The Politics of Sight: If Seeing is Believing, Would Revealing America's Violent Truths Change Americans?
By David Sirota | Sourced from AlterNet
Would Americans eat less meat, and would animals be treated more humanely, if slaughterhouses were made with glass walls and we all could see the monstrous killing apparatus at work? This is the query at the heart of Timothy Pachirat’s new book “Every Twelve Seconds”—the title a reference to the typical slaughterhouse’s cattle-killing rate.
Before you think this is a column merely about food, recognize that Pachirat’s question isn’t (only) about the immorality of the cheeseburger you had for lunch. It’s about the larger phenomenon whereby modern society has reconstructed itself to hide so many horrific consequences from view.
Calling this the “politics of sight,” Pachirat’s blood-soaked experience inside a slaughterhouse spotlights only the most illustrative example of how we’ve divorced ourselves from the means of producing violence—and how, in doing so, we have made it psychologically easier to support such brutality. Sadly, billions of factory-farmed animals dying barbaric deaths are just one subset of casualties in that larger process.

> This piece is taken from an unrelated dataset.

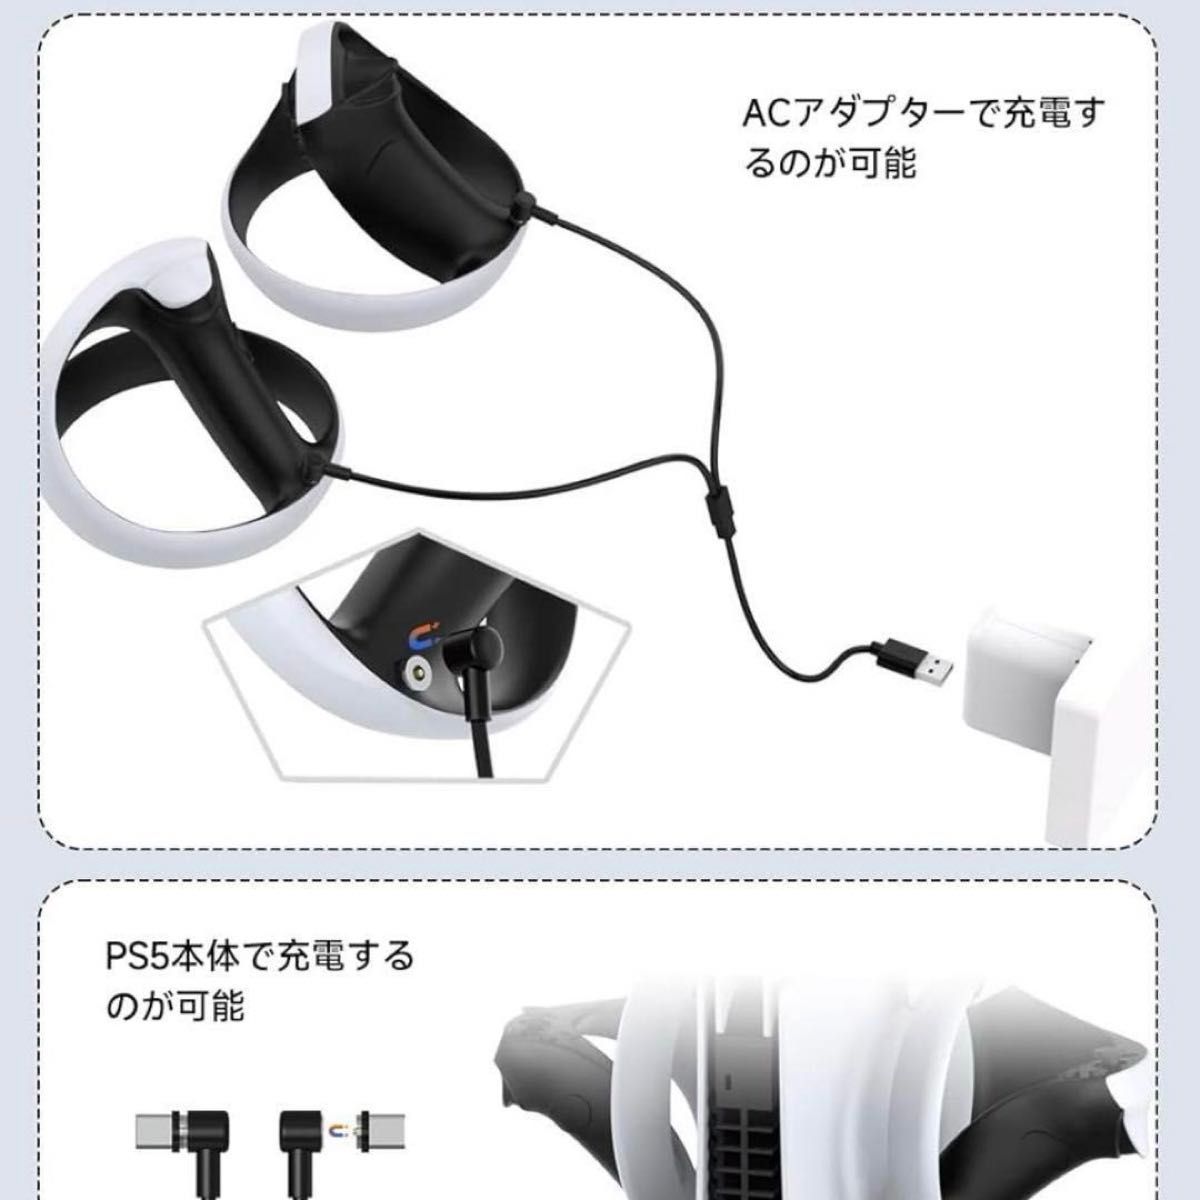 PS VR2用のUSB磁気充電ケーブル Play*station VR2

Today, for example, free trade policies that promote offshoring allow Americans to enjoy consumer goods at ultra-low prices without having to see that those low prices represent companies taking advantage of the developing world’s poverty wages, environmental destruction and human rights abuses. A veritable slave may have assembled the iPad you are reading these words on, but thanks to the supply chain’s geography and Apple’s lack of transparency, you can easily avoid dealing with the ethical implications of that reality.

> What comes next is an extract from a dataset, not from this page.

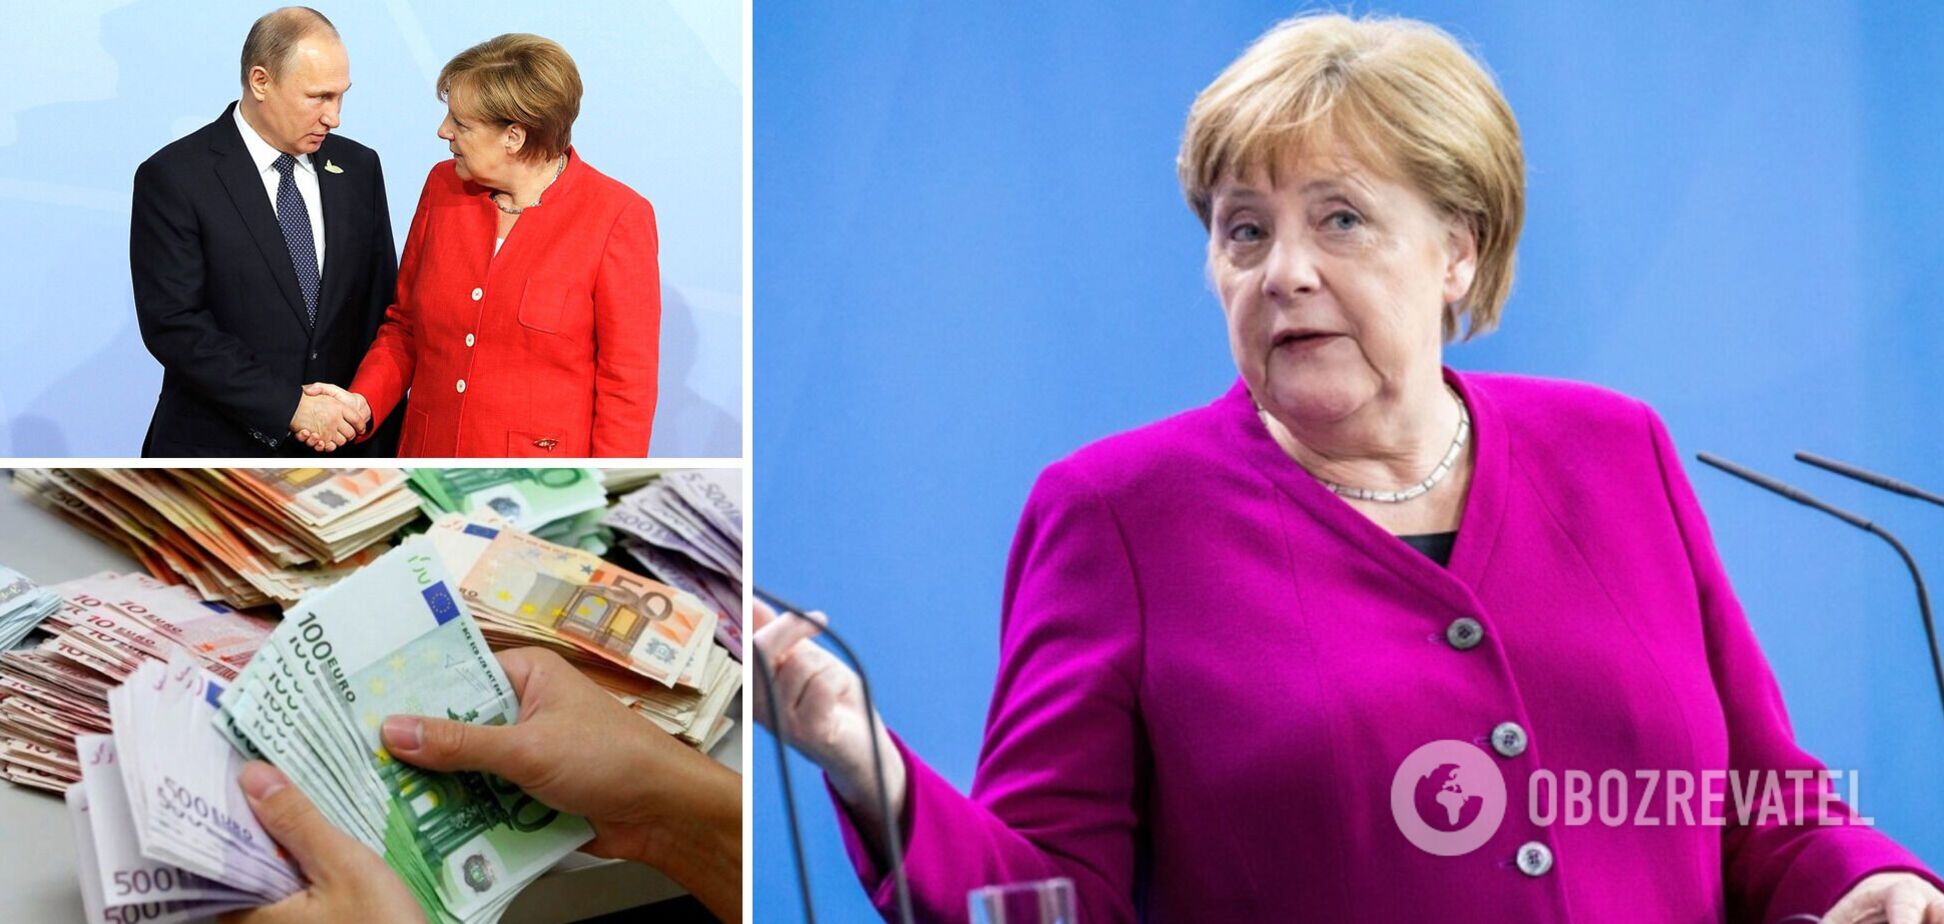 55 тыс. евро на прически и макияж: Меркель, отличившаяся цинизмом насчет Украины, попала в скандал. Где она сейчас. Фото

Another example: Many Americans drive gas-guzzling SUVs, proudly slapping patriotic declarations on their bumpers. This seems perfectly reasonable, but only because many either don’t live near polluted oil-drilling sites or don’t have to personally experience the ramifications of our petroleum-focused military policies. Ultimately, by separating the consequences of gas consumption from the driver, we’ve created the psychological conditions for fossil fuel consumption to seem like an honorable statement of strength rather than an endorsement of environmental degradation and war.
Speaking of war, the politics of sight sculpt our martial policies. We ended conscription, separating most of our fellow citizens from the consequences of military action; we conduct combat via unmanned aerial vehicles that remove the pilot-shooters from the populations being bombed; and both the military establishment and the media themselves suppress photographs of coffins or battlefield viscera that might show us what war really looks like.

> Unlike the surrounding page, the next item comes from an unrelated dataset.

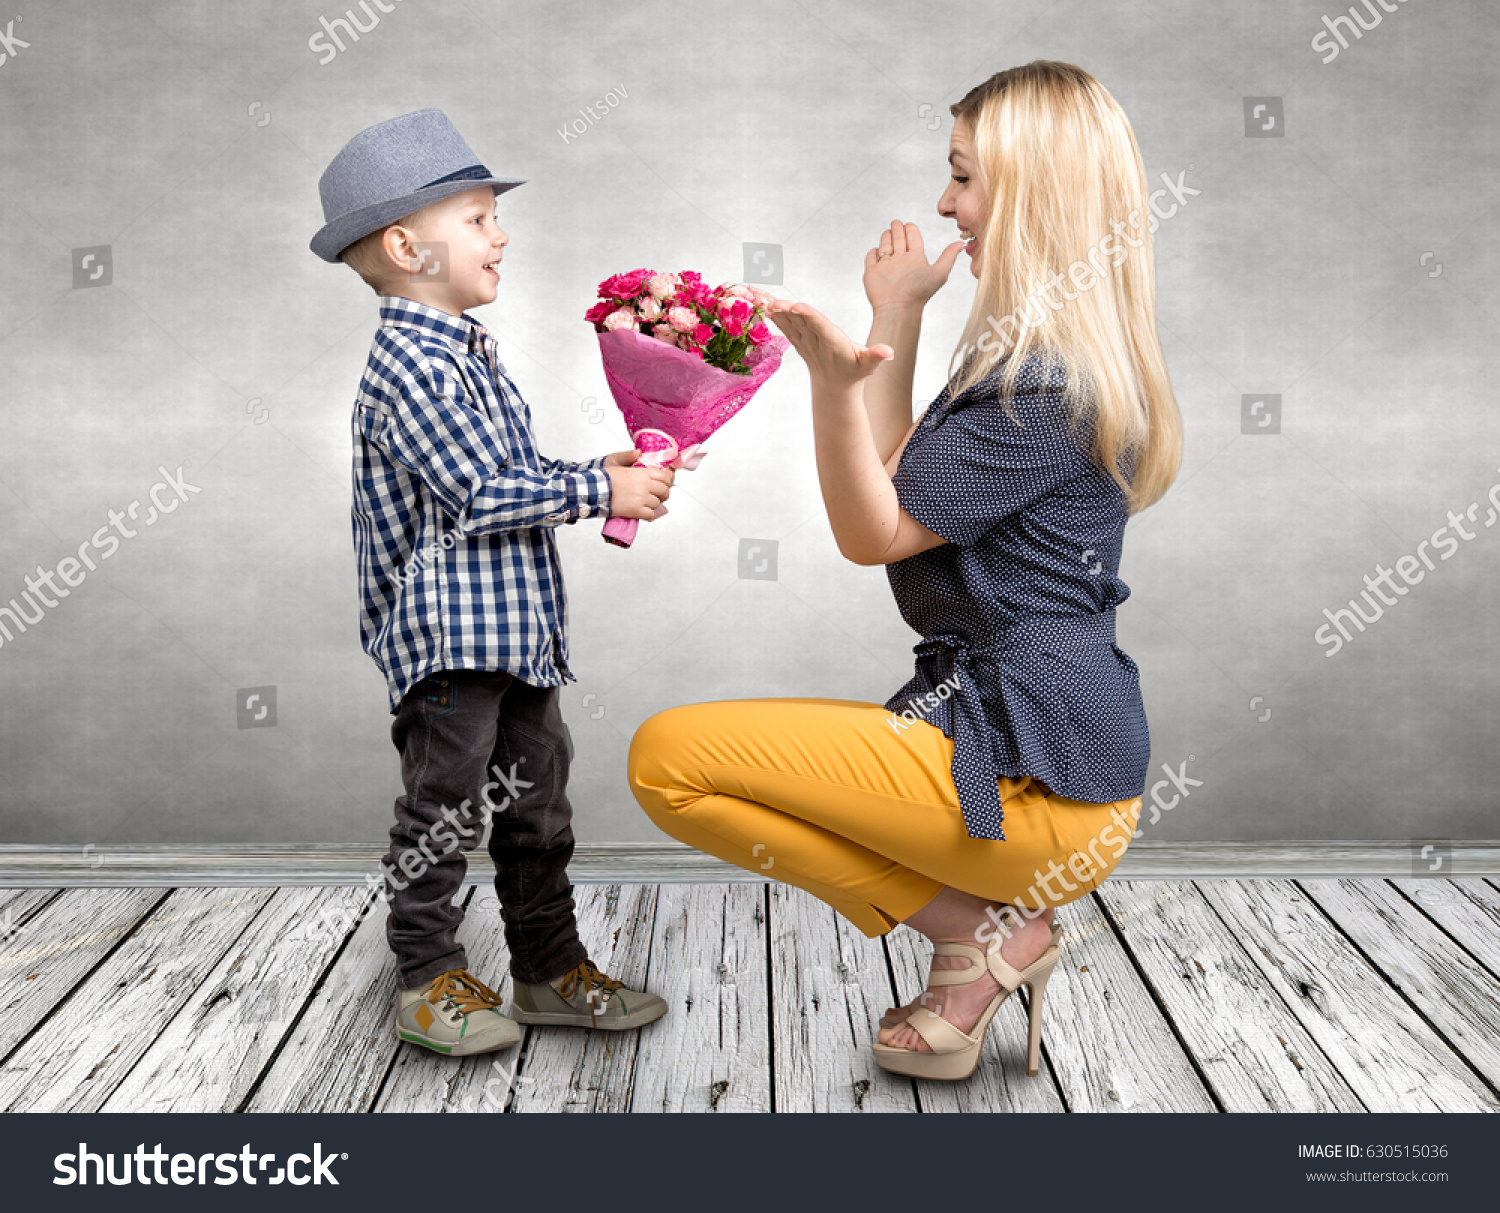 Мальчик дарит цветы маме

Some of this, of course, is an inadvertent byproduct of larger trends like globalization that stretch supply chains across the planet. Some of it comes from a culture narcissism that teaches us to consider only our immediate surroundings and nothing else. Much of it, though, is a deliberate effort to hide the truth. From the Pentagon’s photo policy to agribusiness now championing so-called “ag gag” laws to punish activists who expose factory farm atrocities, vested interests are exploiting the fact that “out of sight, out of mind” is a default setting in the human mind.
For his part, Pachirat ends his brave journey unconvinced that, unto itself, removing the veil will be enough to make us a more thoughtful—if not moral—society. He’s almost certainly correct. The atrocities that power modern life are now integral to what we define as the norm. And whether that norm is eating meat, driving massive cars or flippantly waging war, changing the status quo warrants more than just knowledge—it requires the will to change once knowledge is available.
Fortunately, history proves Americans can summon that will. However, without knowledge—without an end to the moment’s deceptive politics of sight—the most important changes can never happen.